OGOV Compliance Site Launches

Over the weekend, the White House quietly launched a new Web site aimed at tracking agency compliance with an open government directive released in December.

Over the weekend, the White House quietly launched a new Web site aimed at tracking agency compliance with an open government directive released in December.

The directive set a series of rapidly approaching due dates for actions that are intended to make the government more transparent, cooperative with industry and engaging for the public.

The site, the Open Government Dashboard, was a directive requirement due Feb. 6. The release of the governmentwide site coincides with the unveiling of individual agency open government homepages. The dashboard links to each agency's site so users can read more about the activities that departments are up to.

As of today, nearly every agency -- save for the Council on Environmental Quality -- is meeting expectations. Likewise, overall ratings are uniformly high.

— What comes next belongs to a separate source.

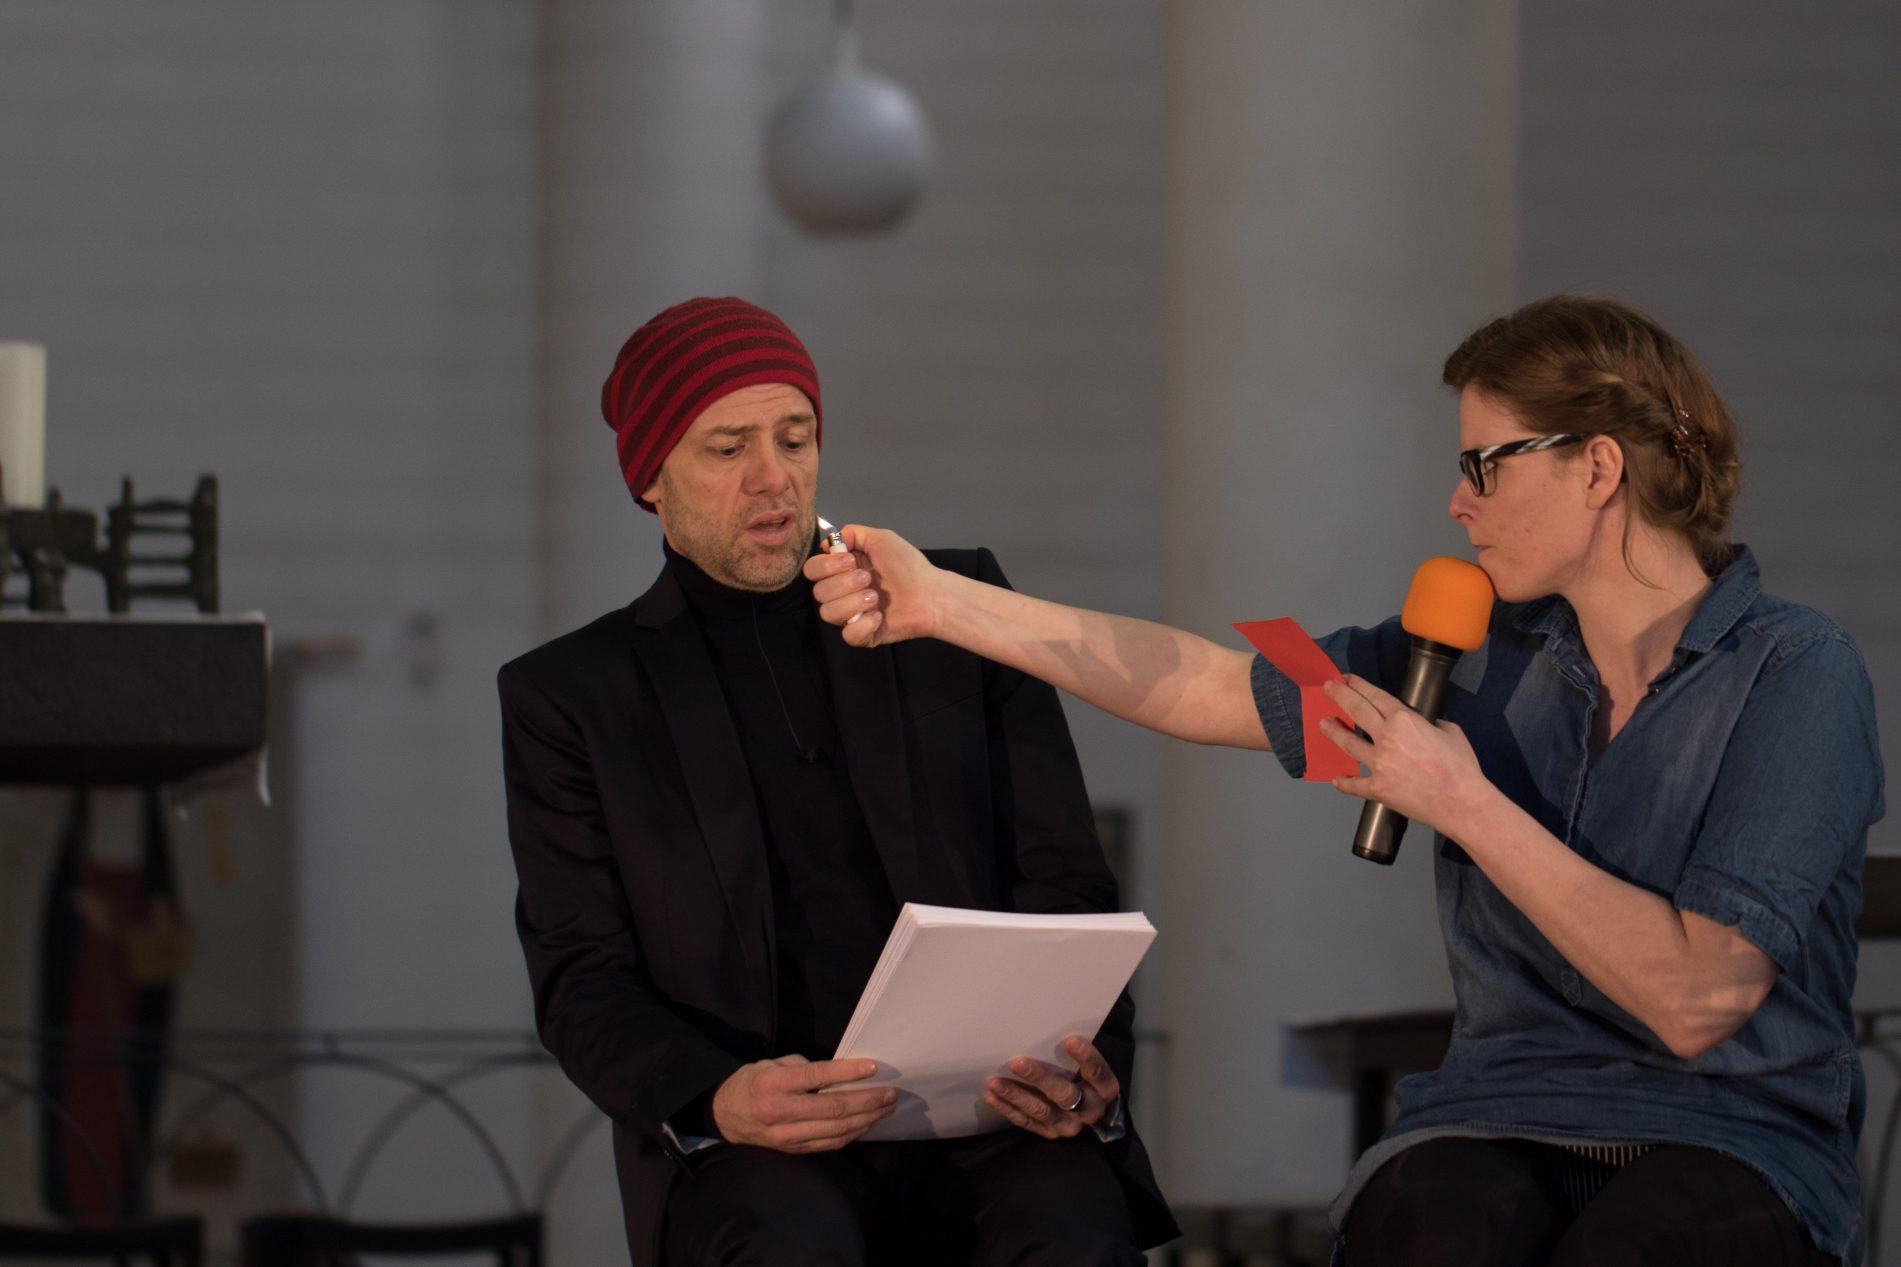 2016 | Oskar und die Dame in Rosa | Theater oder so | Oskar

That means most agencies, to date, have met their milestones by releasing "high-value" downloadable statistics as defined by the directive, assigning a senior-level official to oversee the quality and objectivity of online federal spending information and going live with a site dedicated to the directive.

"The first version of the Dashboard tracks agency progress on the deliverables set out in the directive," the site reads.

Perhaps the White House, in future iterations of the site, may hold agencies accountable by issuing more lengthy department-specific appraisals. The experiment continues. . .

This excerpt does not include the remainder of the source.